Por su parte, René Zavoral, director general de la Radio Checa, también expresó su preocupación: “Todavía creo que hay espacio para la discusión”, comentó ante las desfavorables novedades. Aunque su frase sonó algo optimista, el director de la Radio Checa no tardó en aclarar que sus expectativas, en realidad, son limitadas. “Soy un pesimista moderado en este aspecto”, concluyó.
Zavoral rechazó asimismo las afirmaciones del Gobierno sobre una supuesta falta de ahorro por parte de los medios públicos. Como se ha incidido desde la Radio Checa en más de una ocasión, el ente llevaba ahorrando décadas ante la falta de valorización de su presupuesto desde los primeros años de este siglo, mientras la inflación crecía en el país. Según el director, la reducción presupuestaria tendría consecuencias directas para la programación.
Según estimaciones anteriores, entre 150 y 200 puestos de trabajo podrían desaparecer en la radio pública.
La oposición ve confirmados sus temores
Las palabras de Nerušil sobre el control de los contenidos provocaron una inmediata reacción de la oposición.
El presidente del ODS, Martin Kupka, aseguró que las declaraciones confirman las advertencias que los críticos de la reforma vienen realizando desde hace meses al expresar: “La coalición gubernamental deja claro desde el primer momento que, mediante presión económica, quiere lograr que los medios públicos dejen de criticar sus acciones”.
Kupka ya había acusado anteriormente al Gobierno de inspirarse en modelos aplicados en la Hungría de Viktor Orbán y la Eslovaquia de Robert Fico.
También el presidente de la Comisión de Medios de la Cámara de Diputados, František Talíř, del democristiano KDU-ČSL, considera que la reforma representa una amenaza para la independencia de los medios públicos. “Vamos a las barricadas porque esto es un ataque directo contra la Televisión Checa y la Radio Checa”, alentó.
Talíř anunció que la oposición utilizará todos los instrumentos parlamentarios disponibles para intentar impedir la aprobación definitiva de la legislación.
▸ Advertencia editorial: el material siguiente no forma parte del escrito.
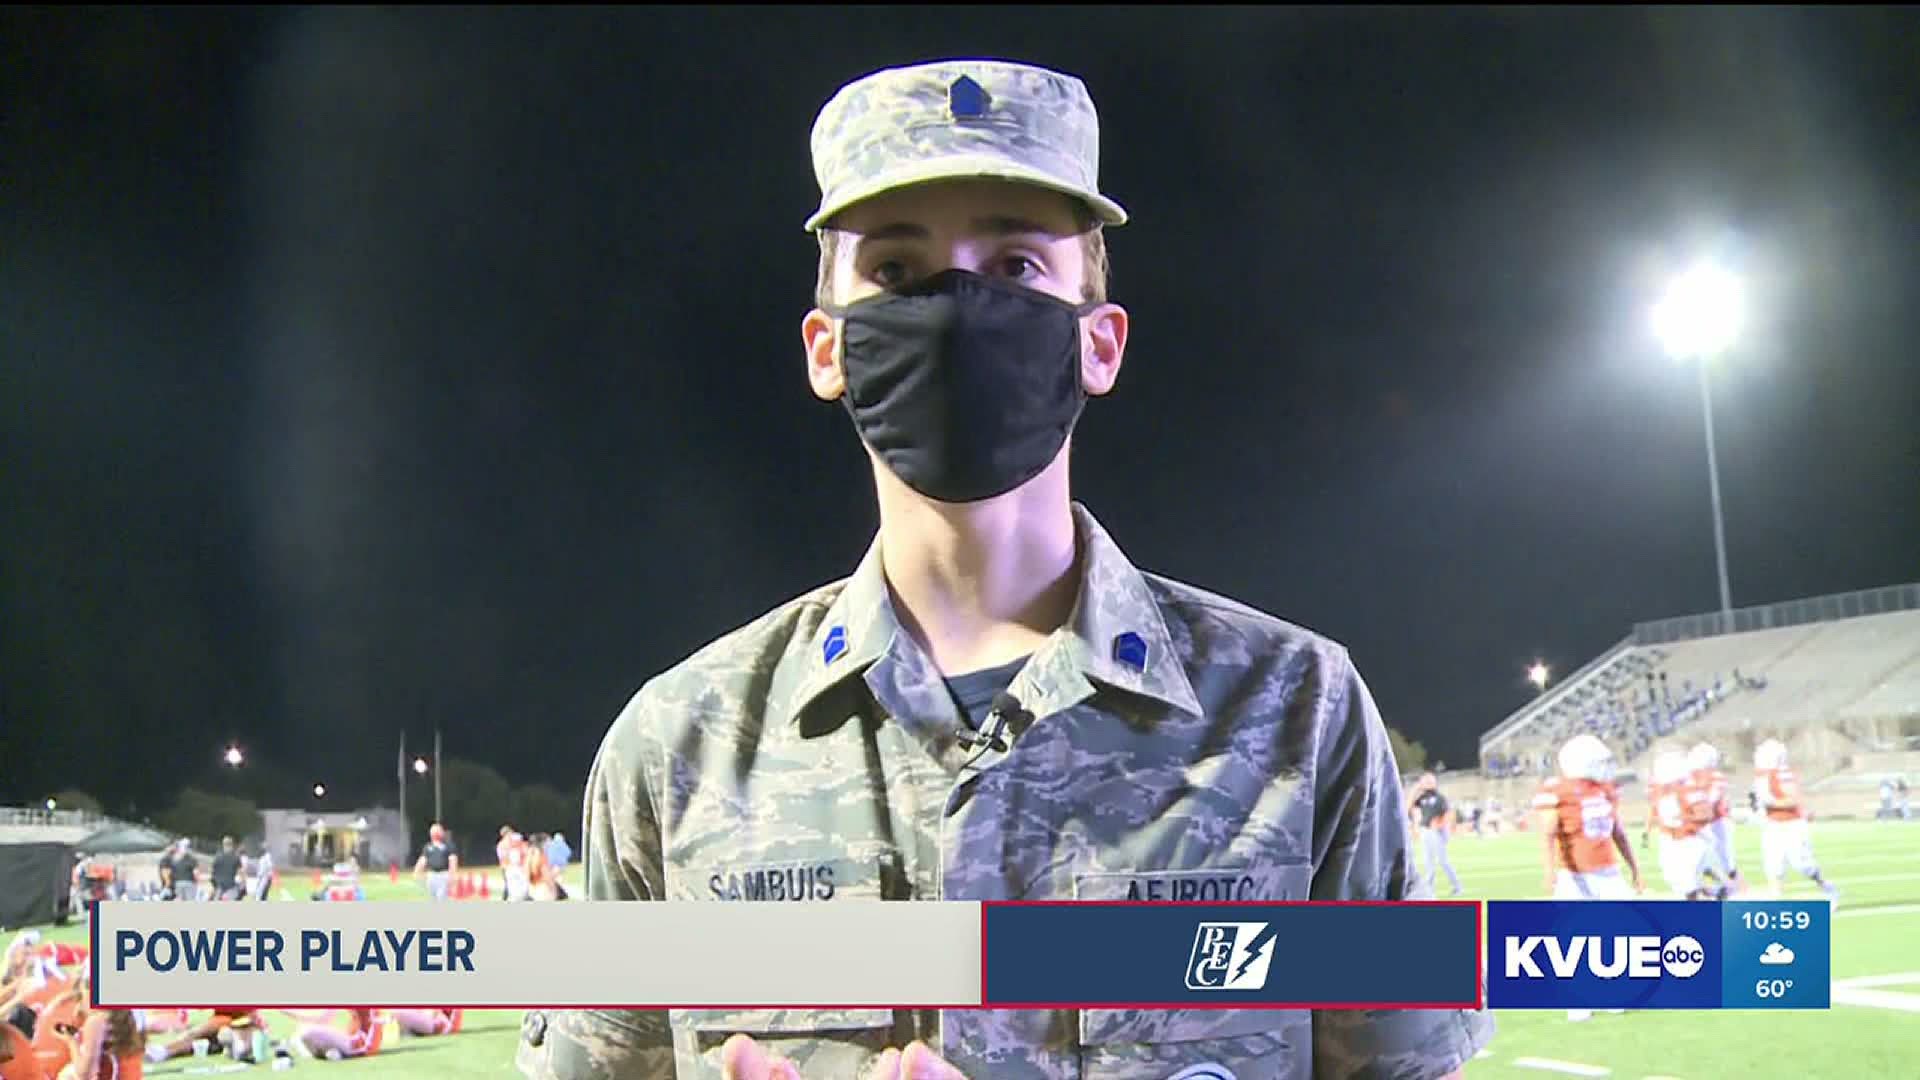 This week's Power Player of the Week is Westwood's Robin Sambus. He is a junior in ROTC.

Por su parte, Andrea Hoffmannová, del Partido Pirata, sostuvo que la reforma busca debilitar progresivamente a los medios públicos. “Percibo este paso como una forma de matar de hambre y domesticar a los medios de servicio público, porque eso es exactamente lo que este Gobierno ha estado haciendo durante el último medio año en medio del caos que reina en torno a los cambios de financiación”, comentó Hoffmannová.
Continúan la huelga y las protestas
Mientras continúa la discusión política, los trabajadores de la Radio Checa y la Televisión Checa anunciaron la convocatoria de una jornada de huelga para el próximo lunes 22 de junio.
El Sindicato de Periodistas de la República Checa considera que la reducción de ingresos y la ausencia de garantías de independencia podrían entrar en conflicto con la legislación europea sobre libertad de los medios de comunicación.
Este miércoles, las autoridades de los medios y sindicatos darán más detalles sobre la jornada de huelga.